Every step yields a non-zero reward signal, enabling stable gradient estimates for both RL and LLM policy optimisation. Partial credit is given via the confidence scaling factor — an uncertain correct answer scores higher than a certain wrong one.

---

## 📊 Grading

The `SecurityGrader` produces a deterministic score in **[0.0, 1.0]**:

```
score = 0.40 × security_efficiency
      + 0.30 × user_retention
      + 0.20 × precision
      + 0.10 × reasoning_quality
```

| Metric | Formula |
|---|---|
| `security_efficiency` | blocked_threats / total_threats |
| `user_retention` | final_user_trust / 100 |
| `precision` | 1 − false_positive_rate |
| `reasoning_quality` | avg(reasoning component across episode) |

### Letter Grades

| Score | Grade |
|---|---|
| ≥ 0.90 | A+ |
| ≥ 0.80 | A |
| ≥ 0.70 | B |
| ≥ 0.60 | C |
| ≥ 0.50 | D |
| < 0.50 | F |

---

## 🔚 Episode Termination

An episode ends when any of the following conditions is met:

1. **`user_trust ≤ 0`** — User has uninstalled the assistant due to too many false positives.
2. **`system_fatigue ≥ 100`** — User ignores all alerts (warn overload).
3. **`step_count ≥ max_steps`** — Episode length limit reached.

---

## 📋 Inference Script

`inference.py` is the required OpenEnv baseline script.

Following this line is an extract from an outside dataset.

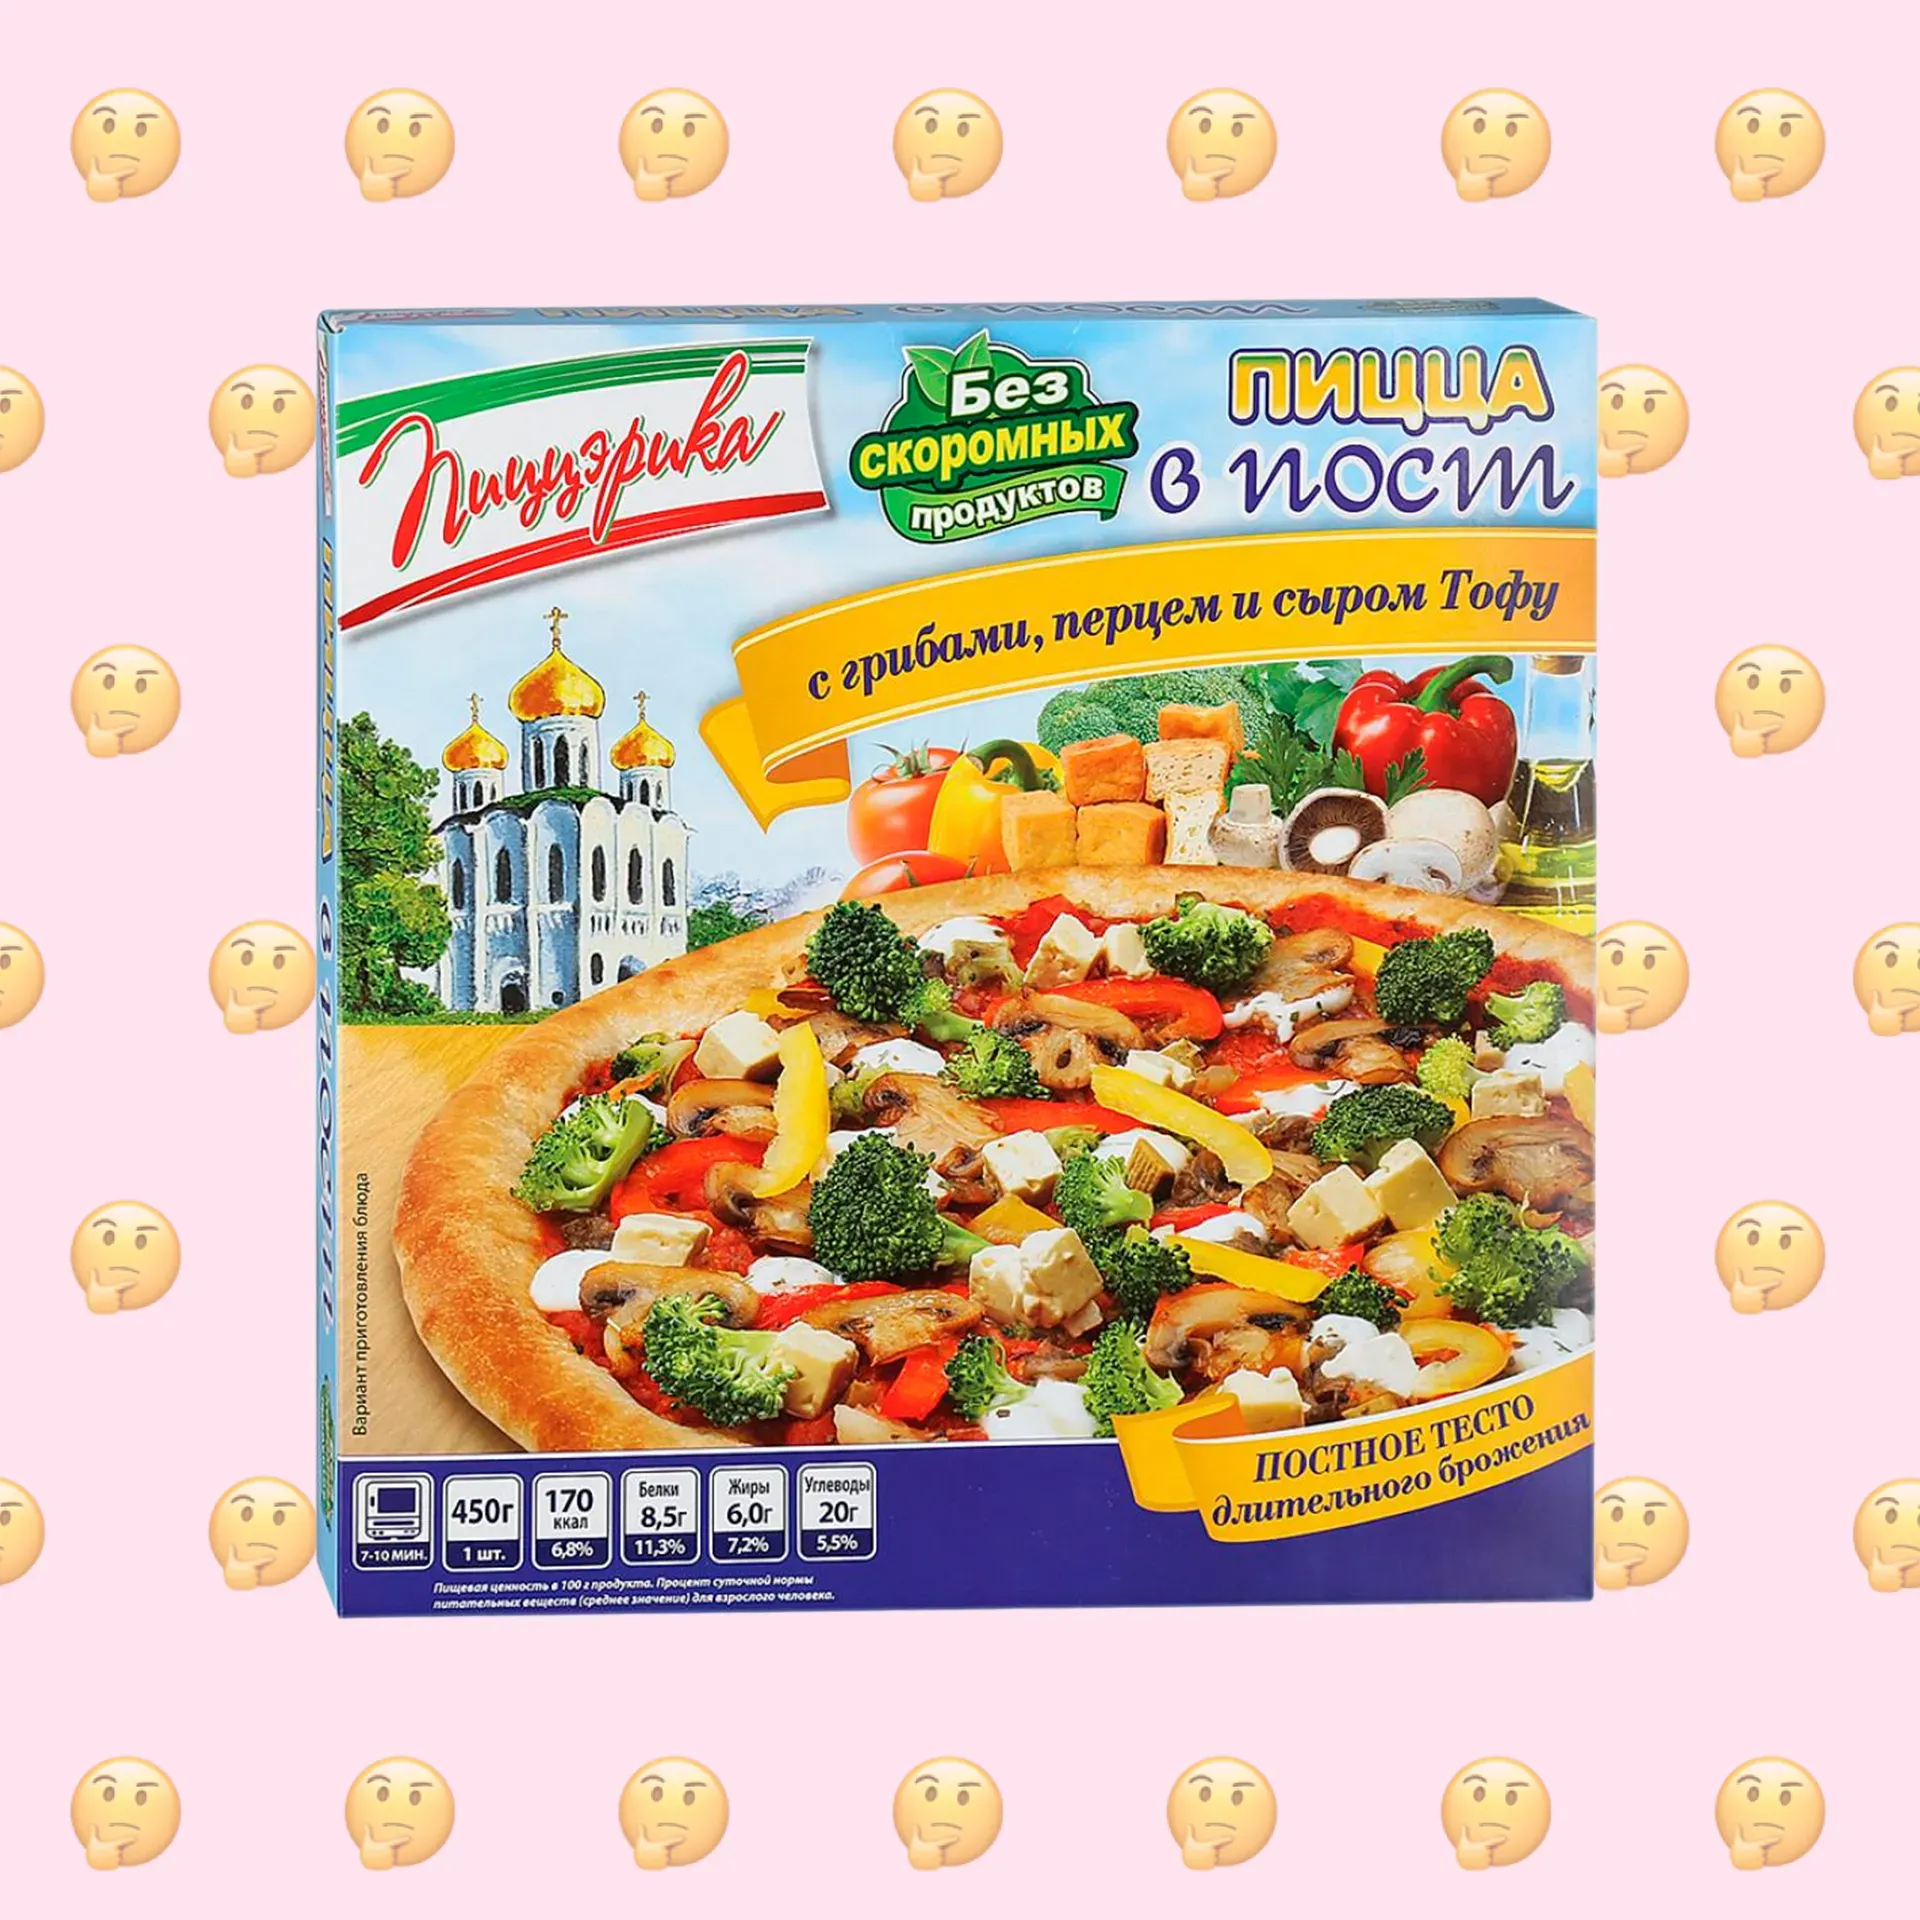 Веганская ли пицца с грибами перцем и сыром тофу В пост Пиццэрика?

It:

- Reads `API_BASE_URL`, `MODEL_NAME`, and `HF_TOKEN` from environment variables
- Uses the OpenAI client for LLM inference (with deterministic keyword fallback when no API key is set)
- Runs all three tasks sequentially
- Produces reproducible results with `SEED_BASE` control
- Logs in the required format:

```
[START] task=basic_security episode=1 seed=43 model=gpt-3.5-turbo api=http://localhost:7860
[STEP]  step=1 decision=block confidence=0.92 reward=0.4830 trust=101.0 fatigue=0.0 threat=phishing
[STEP]  step=2 decision=allow confidence=0.88 reward=0.3150 trust=101.2 fatigue=0.0 threat=safe
...
[END]   task=basic_security episode=1 steps=50 total_reward=18.4200 score=0.7841 grade=B
```

---

## 🐳 Docker / HuggingFace Spaces Deployment

### Build and run locally

```bash
docker build -t secureai-guard .
docker run -p 7860:7860 secureai-guard
```

### HuggingFace Spaces

1. Create a new Space (Docker SDK)
2. Push this repository
3. The `Dockerfile` exposes port 7860 — HF Spaces will map it automatically
4. Set optional secrets: `HF_TOKEN`, `OPENAI_API_KEY`

### Resource requirements

- **CPU:** 2 vCPU (no GPU required; HF model loading is optional)
- **RAM:** 4–8 GB (8 GB recommended with transformers loaded)
- **Startup time:** ~15 seconds

---

## 🧠 HuggingFace Integration

`utils/hf_integration.py` loads a text-classification pipeline for real-time risk scoring.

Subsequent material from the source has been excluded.